* EXERCISE INSTRUCTIONS: Would you reproduce the whole listing exactly, dropping any pictures it holds?

* PROVIDED DATA:
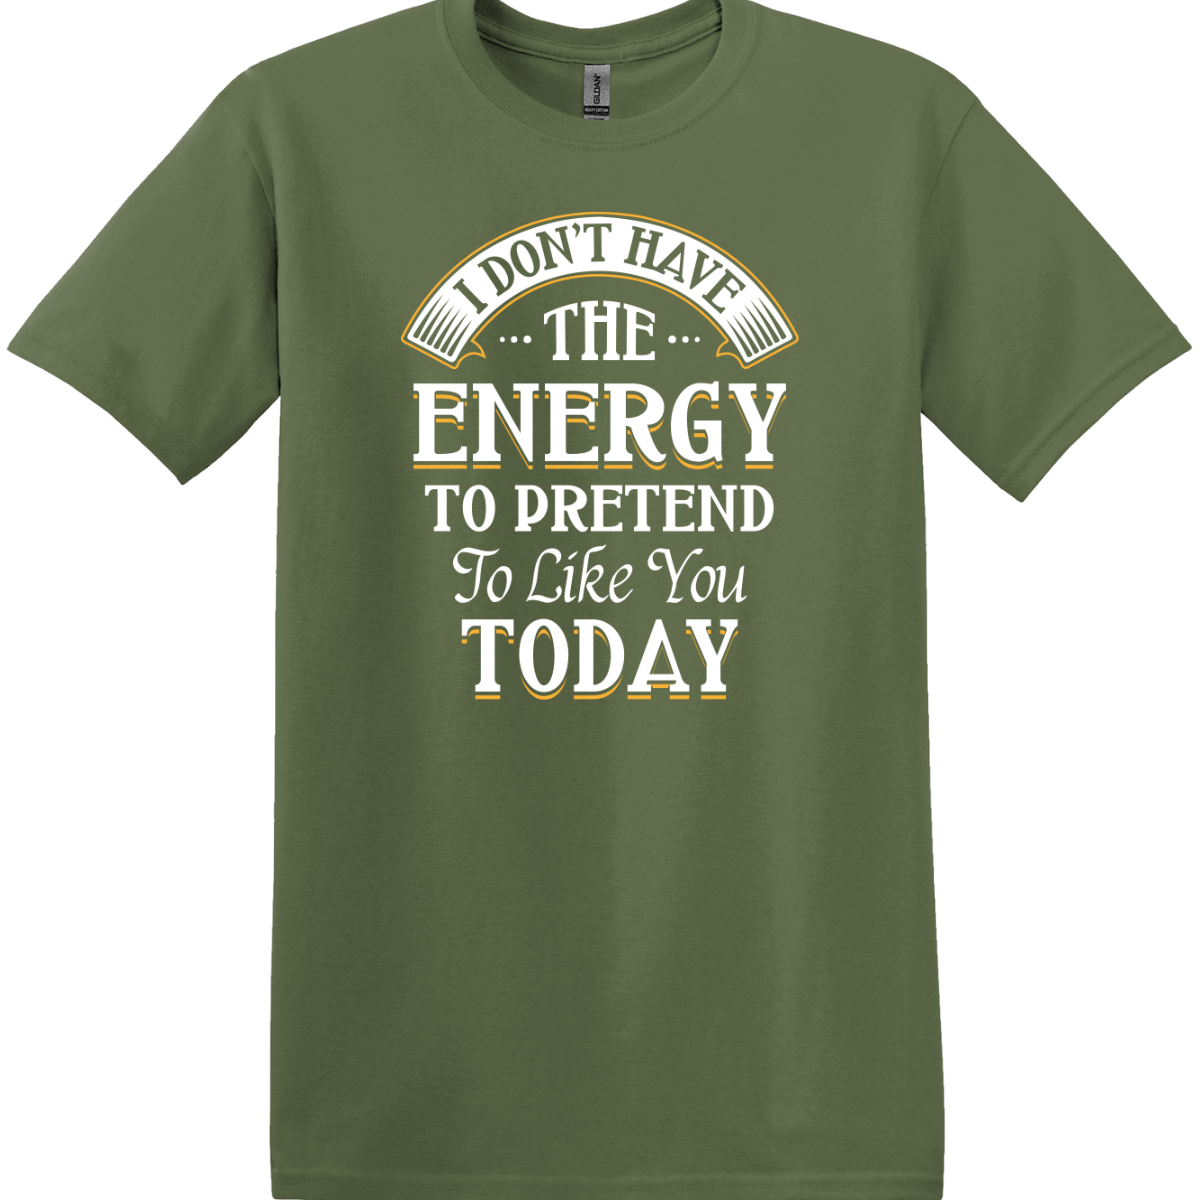 I Don't Have the Energy Tee
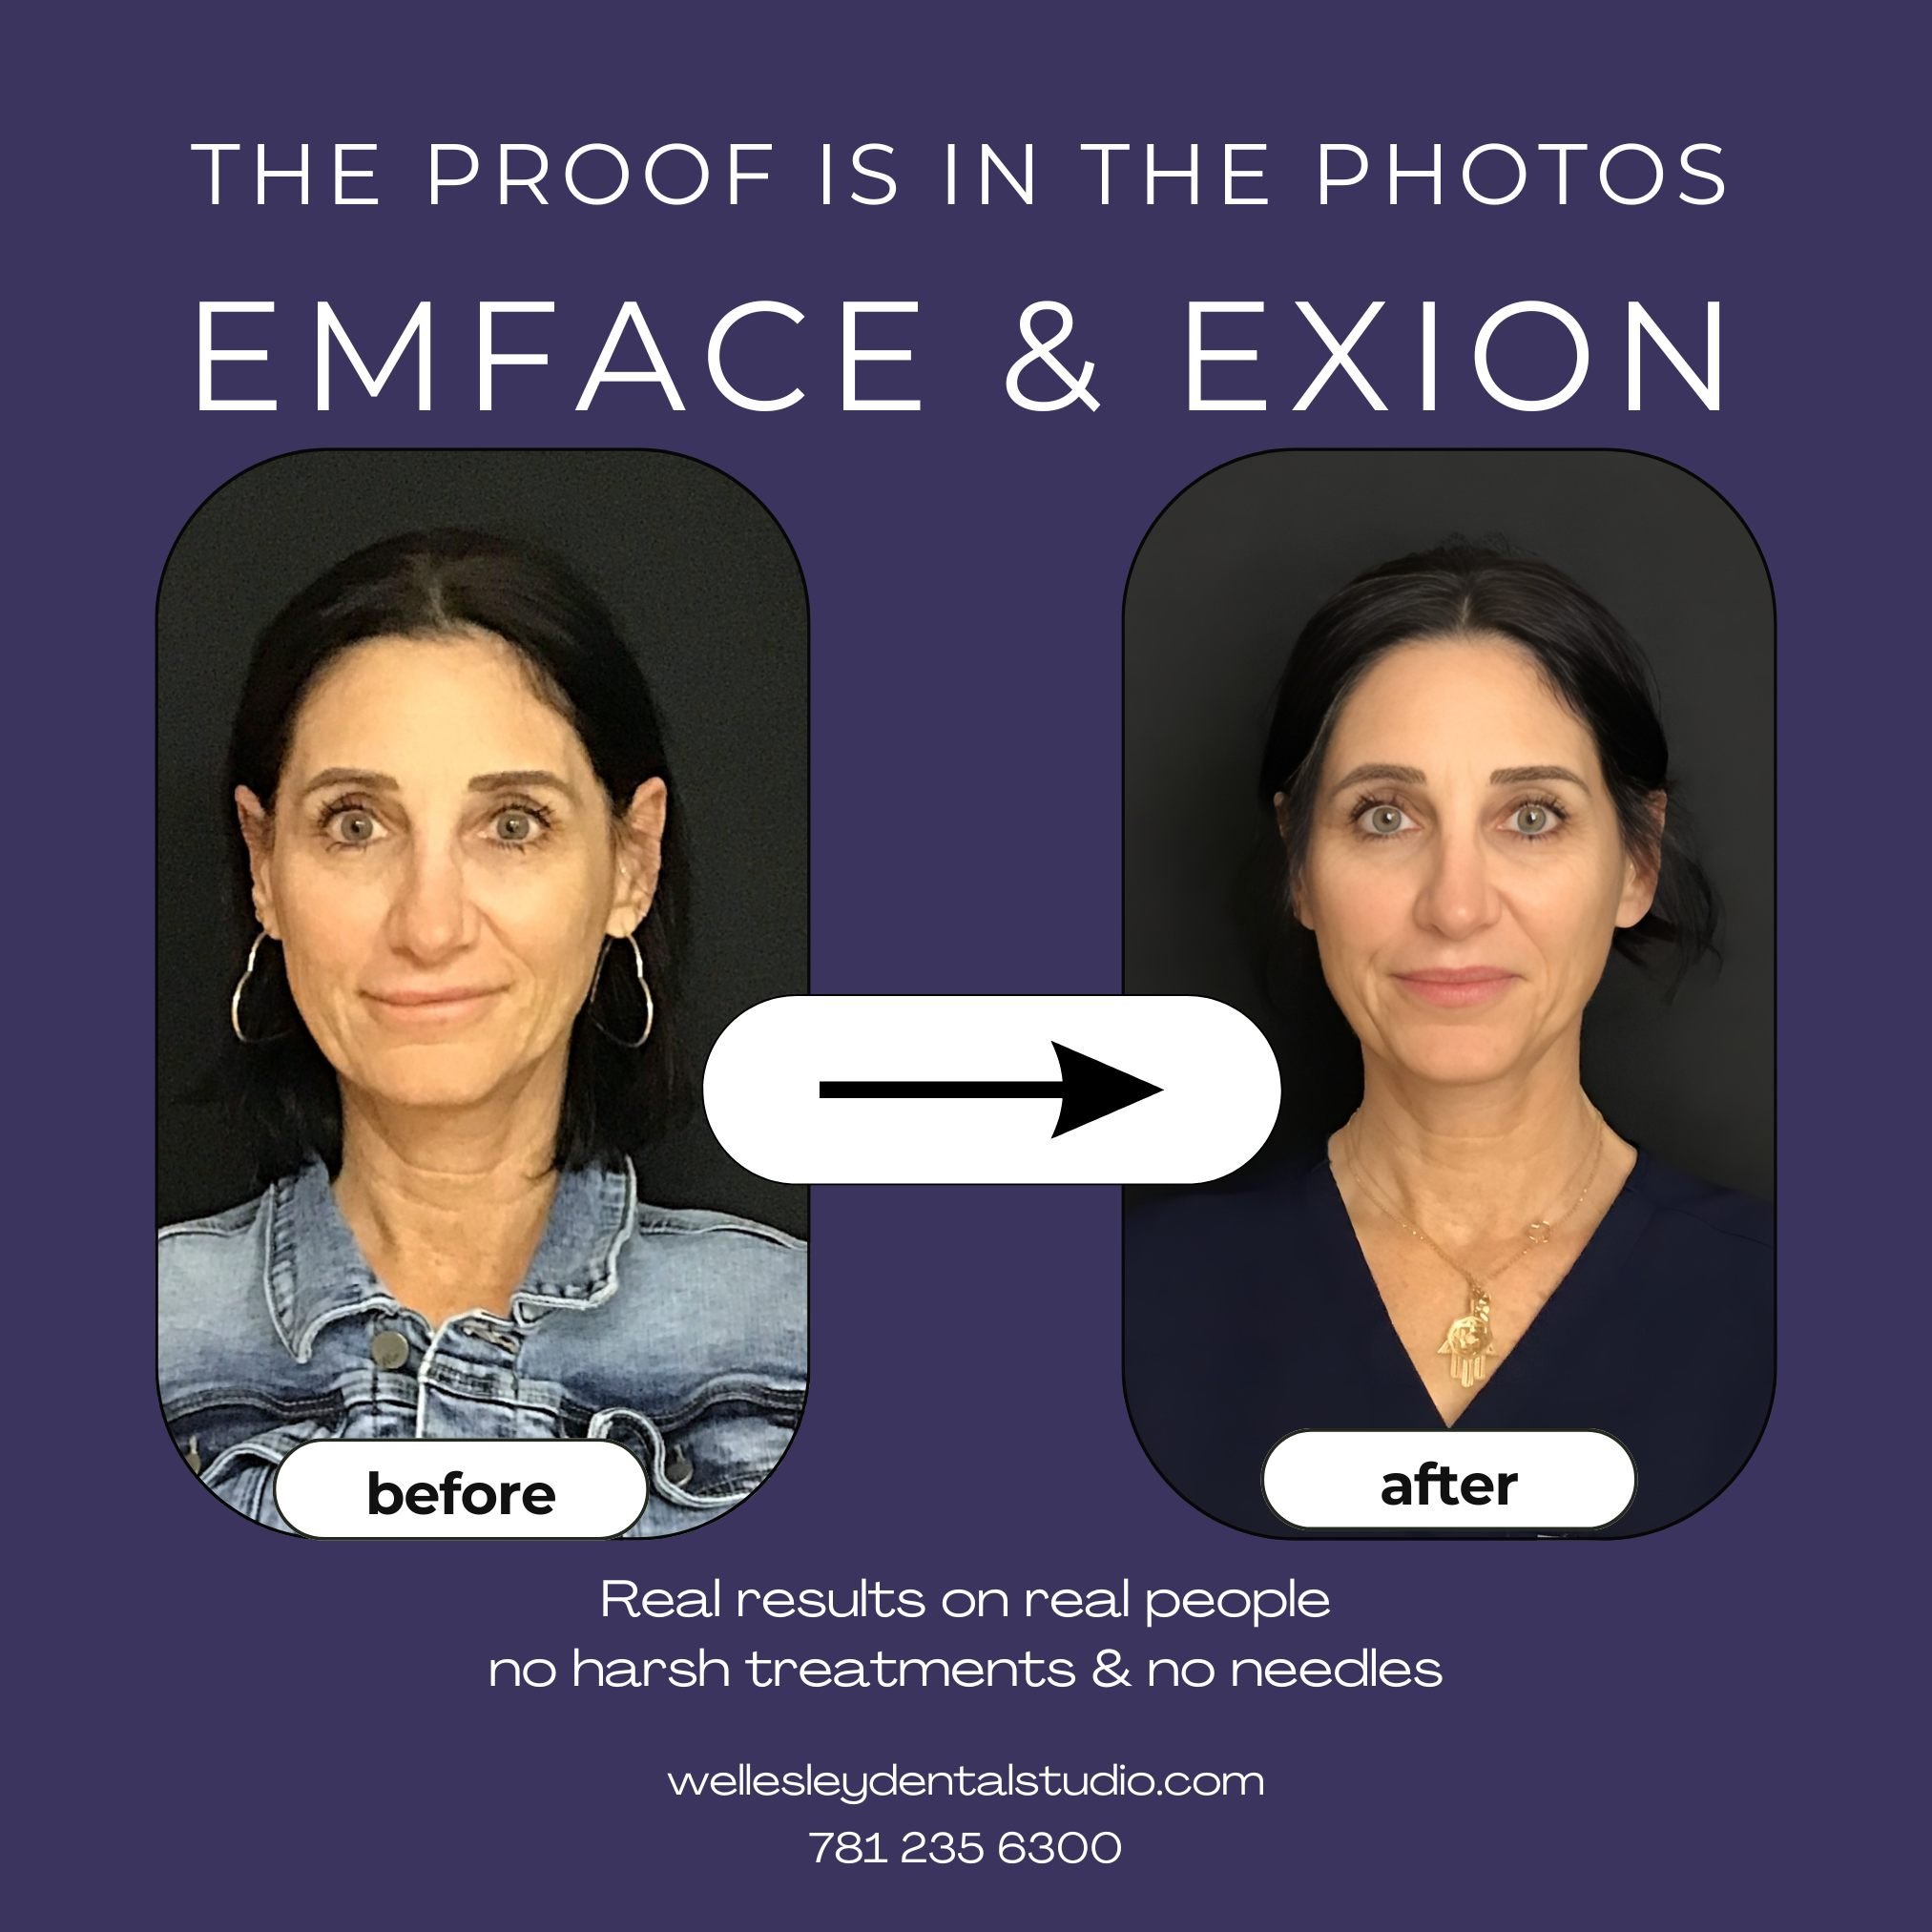 When the look you want is undetectably natural, we know just how to help! Wellesley Dental Studio and @btlaesthetics can deliver what you remember. #GlowUp #dentistknowsbest #aboutface #NaturalBeauty #lovingthelook #btlbeauty
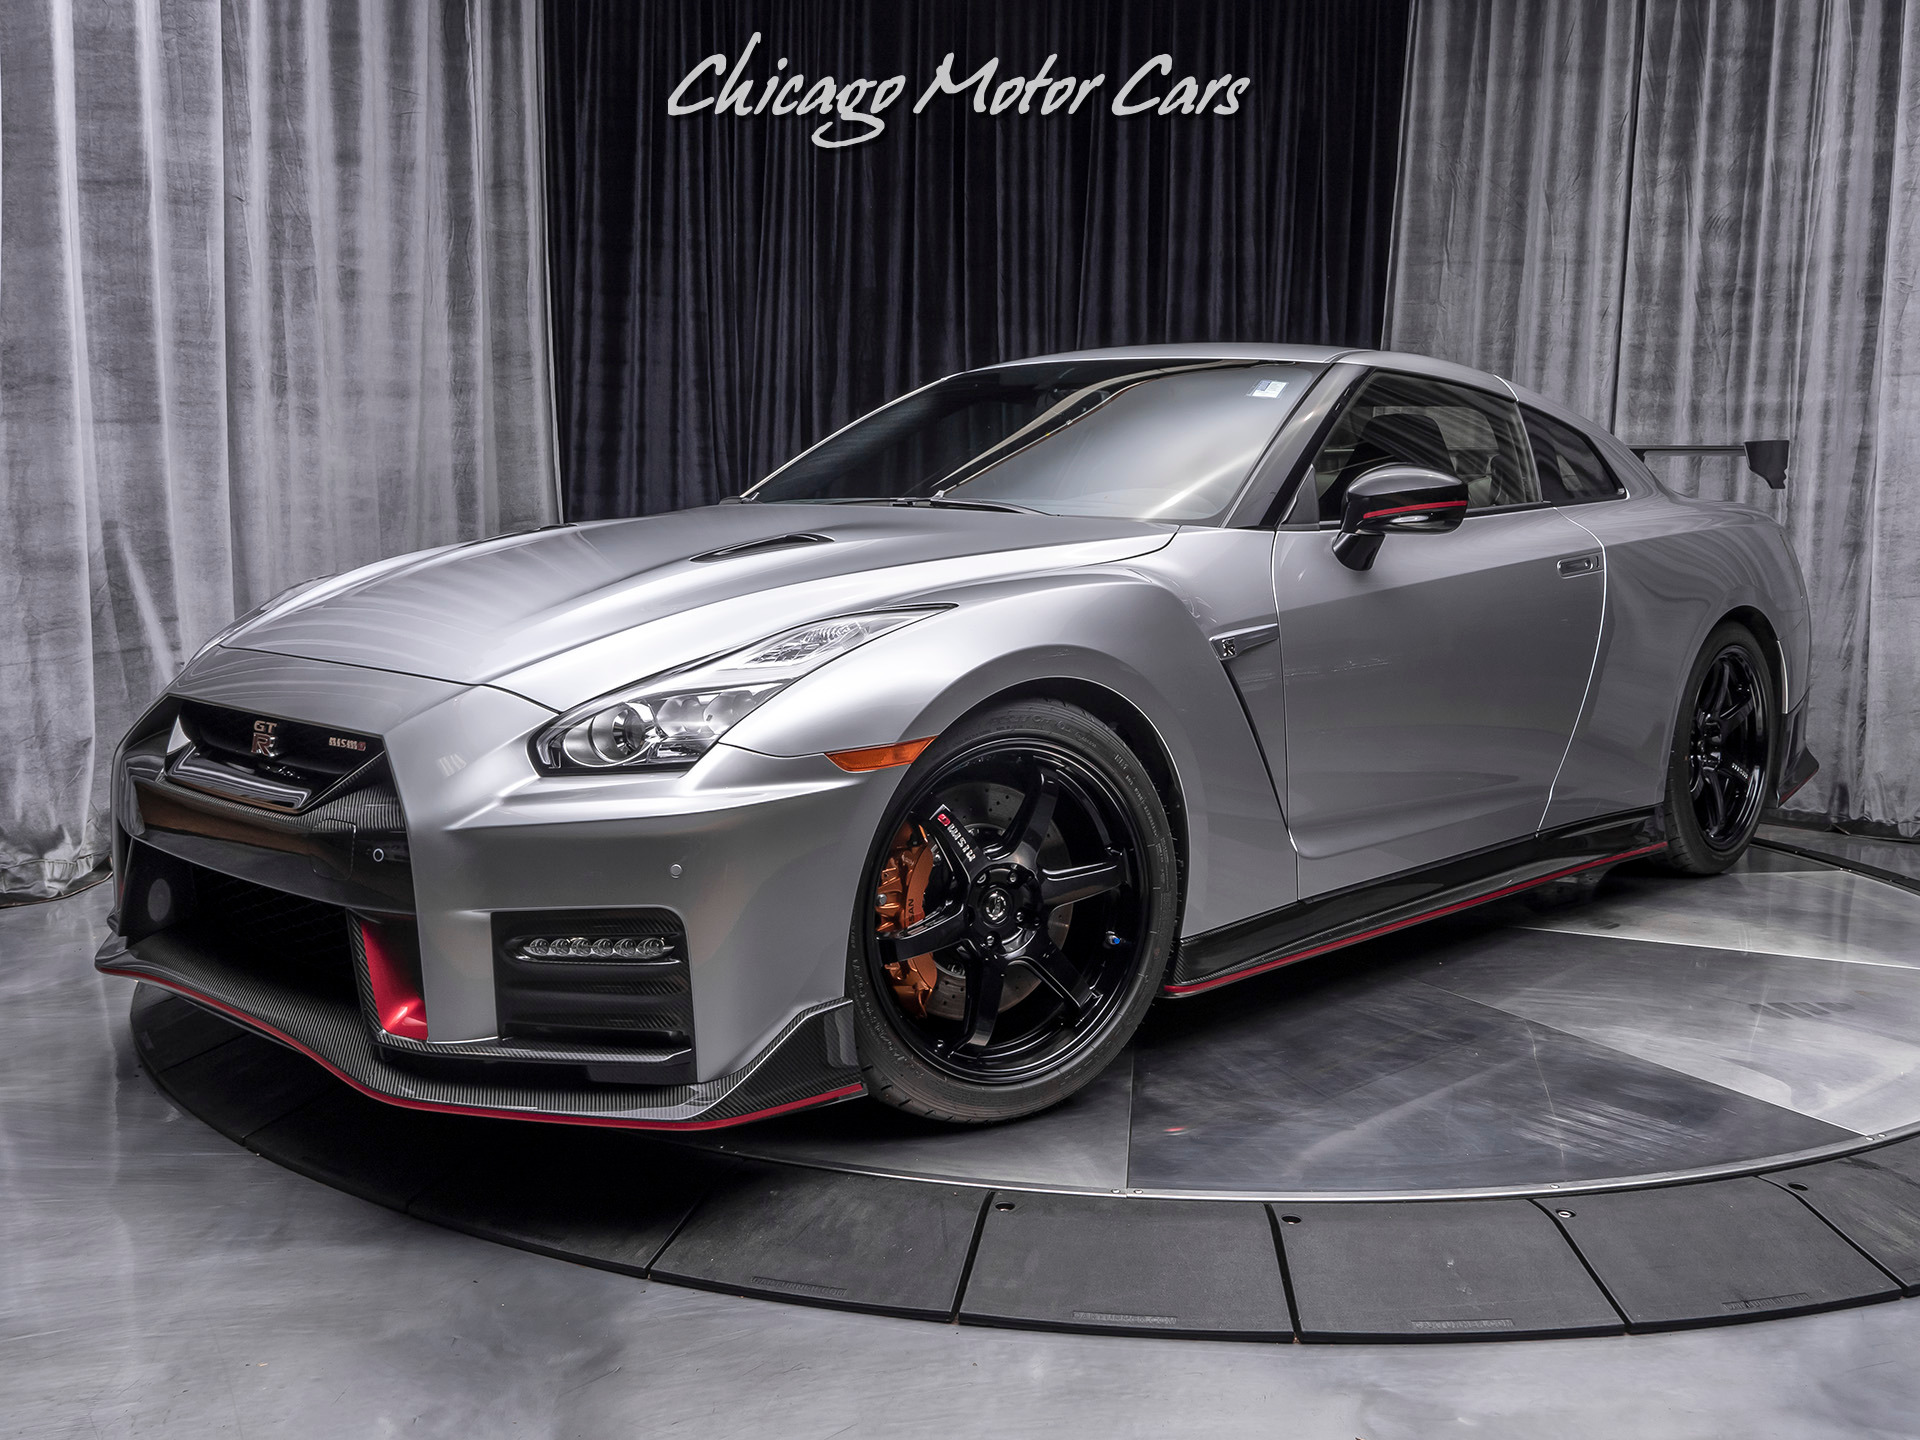 Used 2018 Nissan GTR NISMO Coupe SUPER RARE EXAMPLE! For

* RESULT:
 I Don't Have the Energy Tee
 When the look you want is undetectably natural, we know just how to help! Wellesley Dental Studio and @btlaesthetics can deliver what you remember. #GlowUp #dentistknowsbest #aboutface #NaturalBeauty #lovingthelook #btlbeauty
 Used 2018 Nissan GTR NISMO Coupe SUPER RARE EXAMPLE! For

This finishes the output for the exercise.